Satiriasi

Definizione

La satiriasi è un termine usato in passato, indicante l’aumento in modo morboso nel maschio dell’istinto sessuale. La satiriasi è una forte accentuazione quantitativa della sessualità nell’uomo, una sorta di esaltazione degli impulsi sessuali che spinge esso alla continua ricerca di nuove partner, ma che in realtà serve solo ad alleviare i tumulti psichici interni. Il termine satiriasi non viene più utilizzato a livello scientifico, ed è stato sostituito dal concetto di ipersessualità. Questa ipersessualità è accompagnata dalla perdita di inibizioni, ed è contraddistinta da continue manifestazioni di seduzione, provocazione, desiderio e fisiologia sessuale, tanto da assumere caratteristiche psicopatologiche. Questa situazione prende il sopravvento su quasi tutti gli spazi della vita, mettendo in discussione la sfera sociale, familiare, affettiva e lavorativa. Con tale sessualità diffusa sembrerebbe che la persona cerchi di esprimere a livello sessuale una insoddisfazione psico-fisica. La persona affetta da ipersessualità cercherebbe in questo modo il continuo contatto sessuale non per ricercare nuove sensazioni e piaceri, ma per avere un soddisfacimento psichico e fisico che non riesce mai a raggiungere. La causa, secondo alcuni clinici, può essere dovuta a traumi o disturbi di tipo psichico ma, più in generale, è sconosciuta. Il passaggio da una donna a un altra è così dovuto alla convinzione che il motivo dell’insoddisfazione sia legato alla partner e non ad una situazione interna di disagio. Le conseguenze di una dipendenza sessuale possono essere molteplici, ma non necessariamente si presentano contemporaneamente in tutti i soggetti, inoltre possono essere più o meno accentuate a seconda del livello, della gravità e del tipo di dipendenza.

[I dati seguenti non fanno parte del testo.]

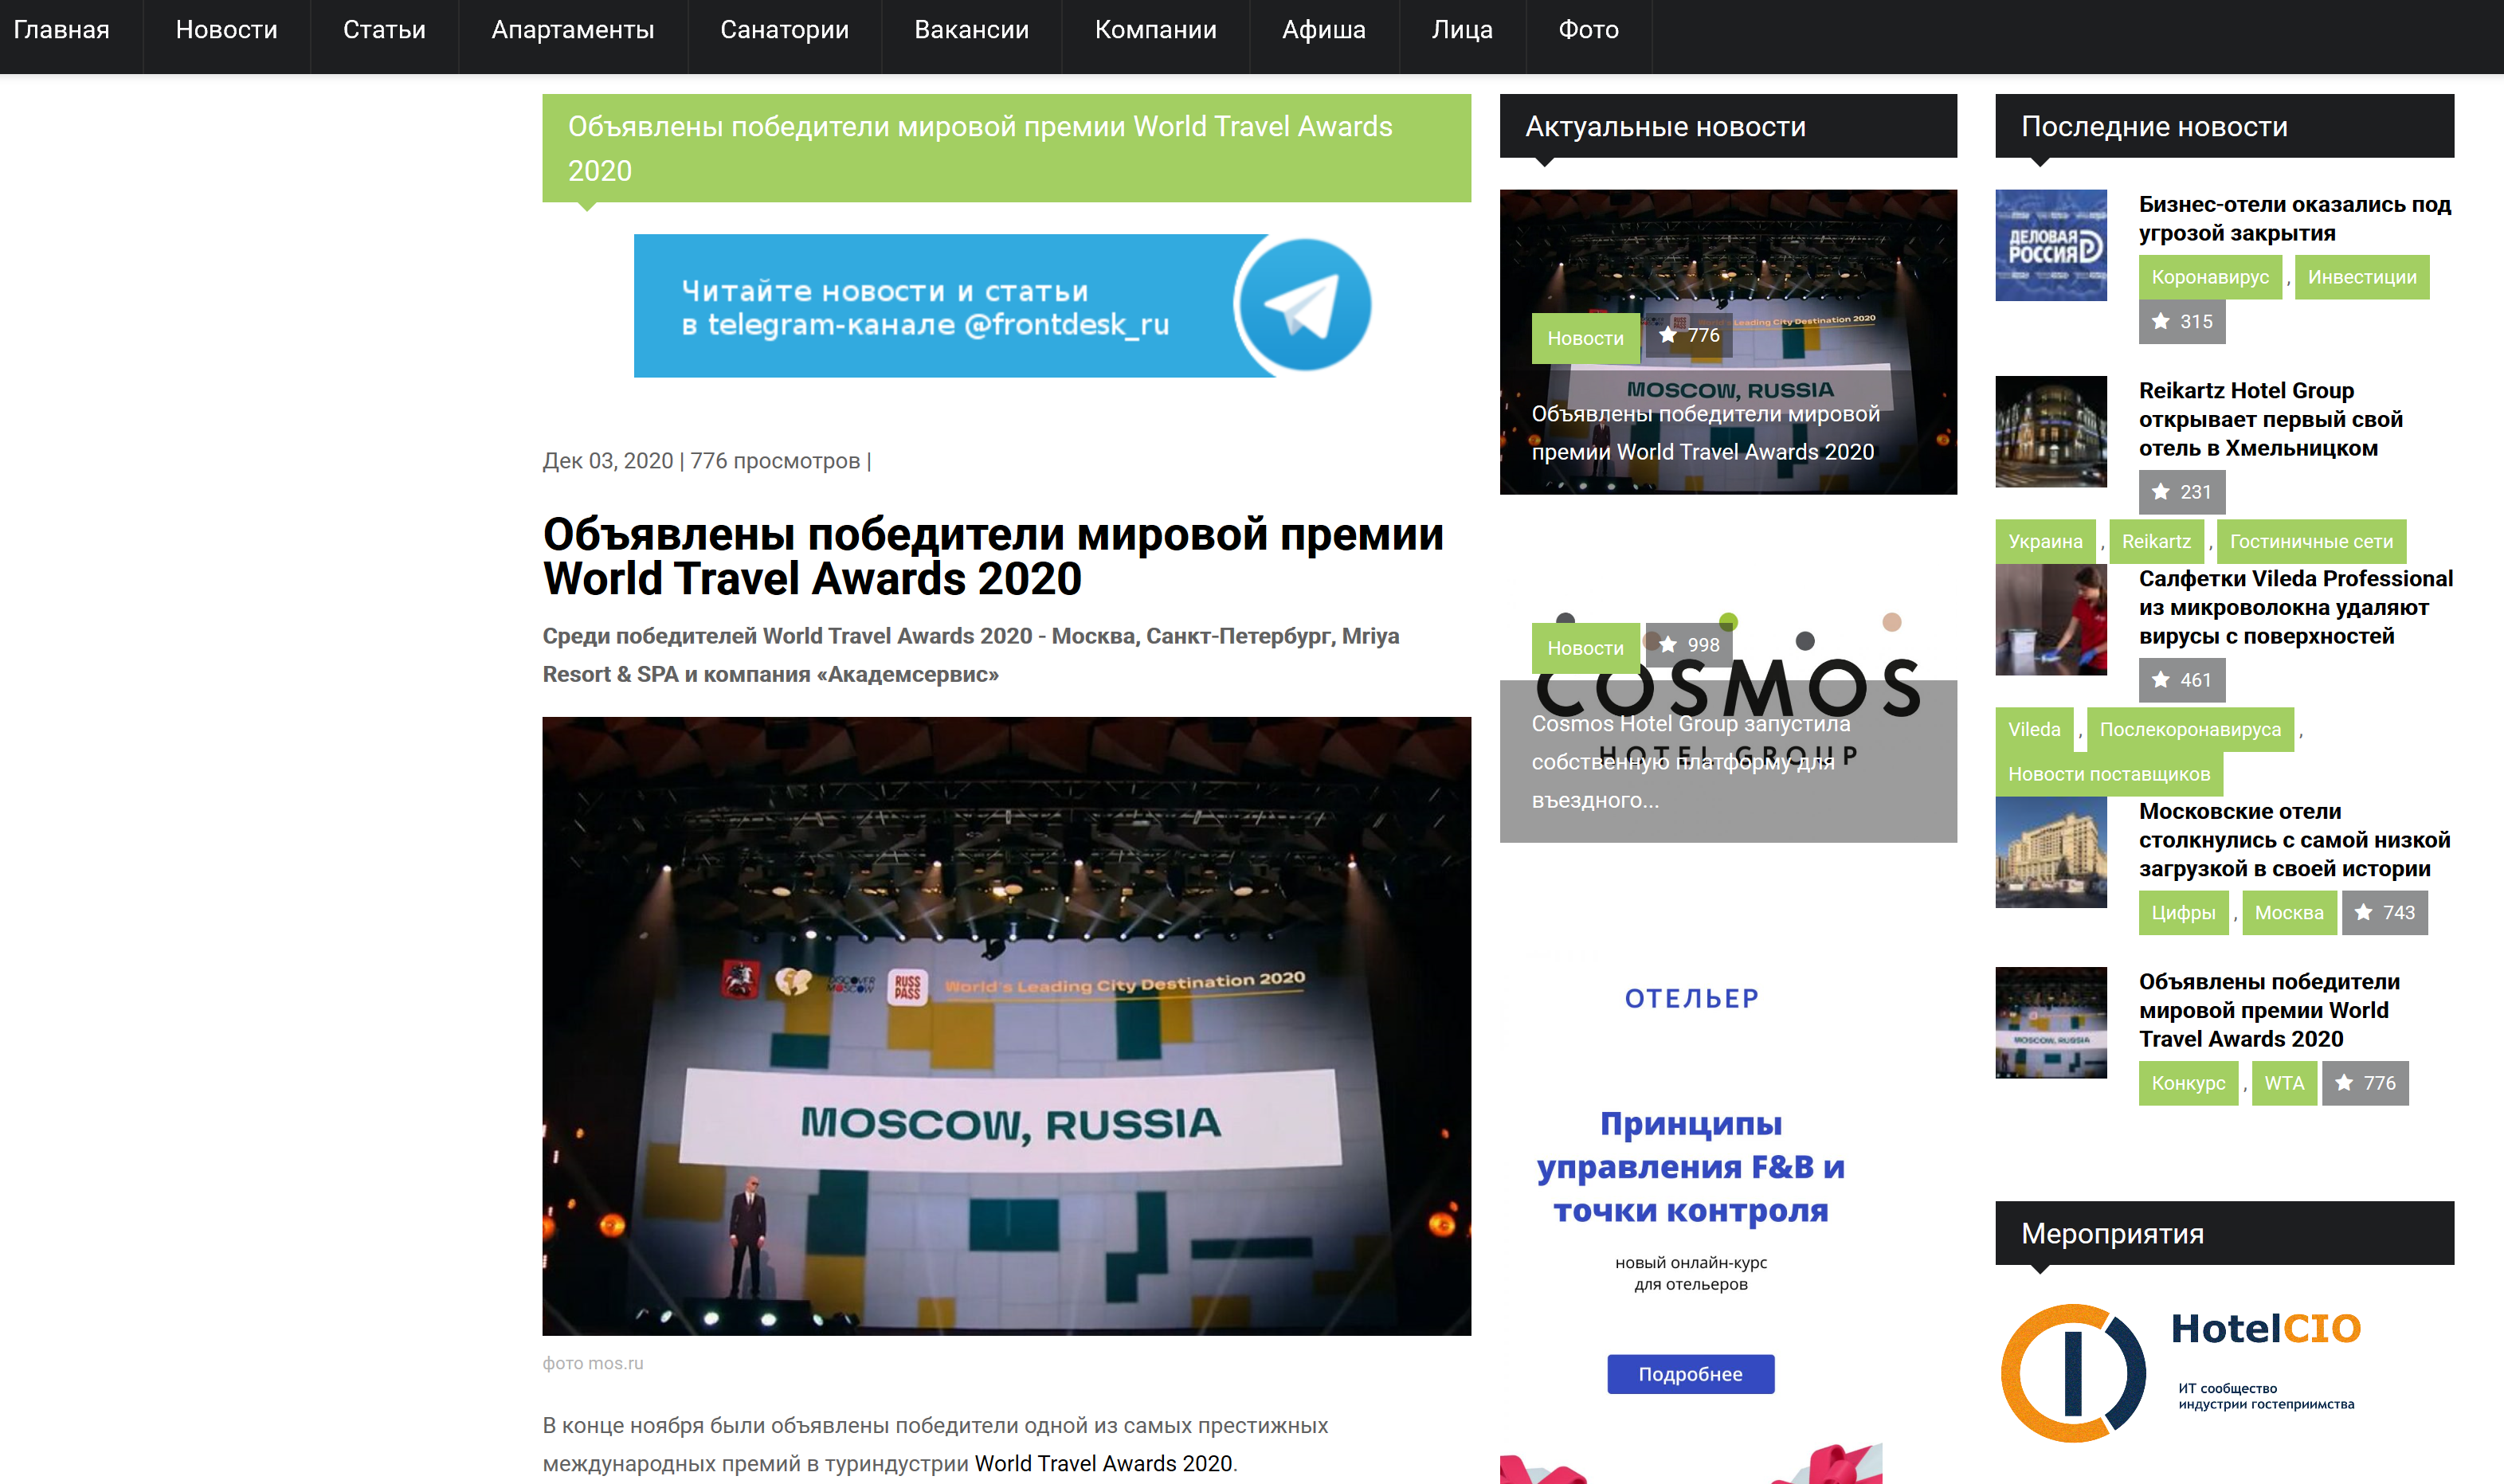 Сообщество профессионалов гостиничного бизнеса frontdesk.ru, www.frontdesk.ru, 03.12.2020

Tra le conseguenze indotte dalla dipendenza sessuale possono essere citate:

  • Stress fisico;
  • Deterioramento delle relazioni sociali;
  • Diminuzione della memoria a breve termine e di sintesi;
  • Opacità cognitiva e diminuzione delle abilità cognitive quali: intuito, astrazione, sintesi, creatività, concentrazione;
  • Diminuzione del rendimento fisico e/o stanchezza cronica;
  • Alterazione del sonno;
  • Aumento dell’ansia, senso di frustrazione, apatia;
  • Disorientamento progettuale: incapacità di operare scelte importanti o di cambiamento;
  • Svalutazione di sé, tristezza, malinconia e depressione; irrequietezza; isolamento sociale;
  • Saturazione attrattiva e affettiva, difficoltà di innamoramento;
  • Variazione delle consuete relazioni sessuali: il soggetto cerca di ricreare con il proprio partner uno schema osceno.

Esistono diverse associazioni che utilizzano il metodo della terapia di “auto aiuto” di gruppo per tematiche relative alla dipendenza dal sesso e ipersessualità e molti componenti dichiarano di aver ottenuto buoni risultati con il metodo dei gruppi di sostegno.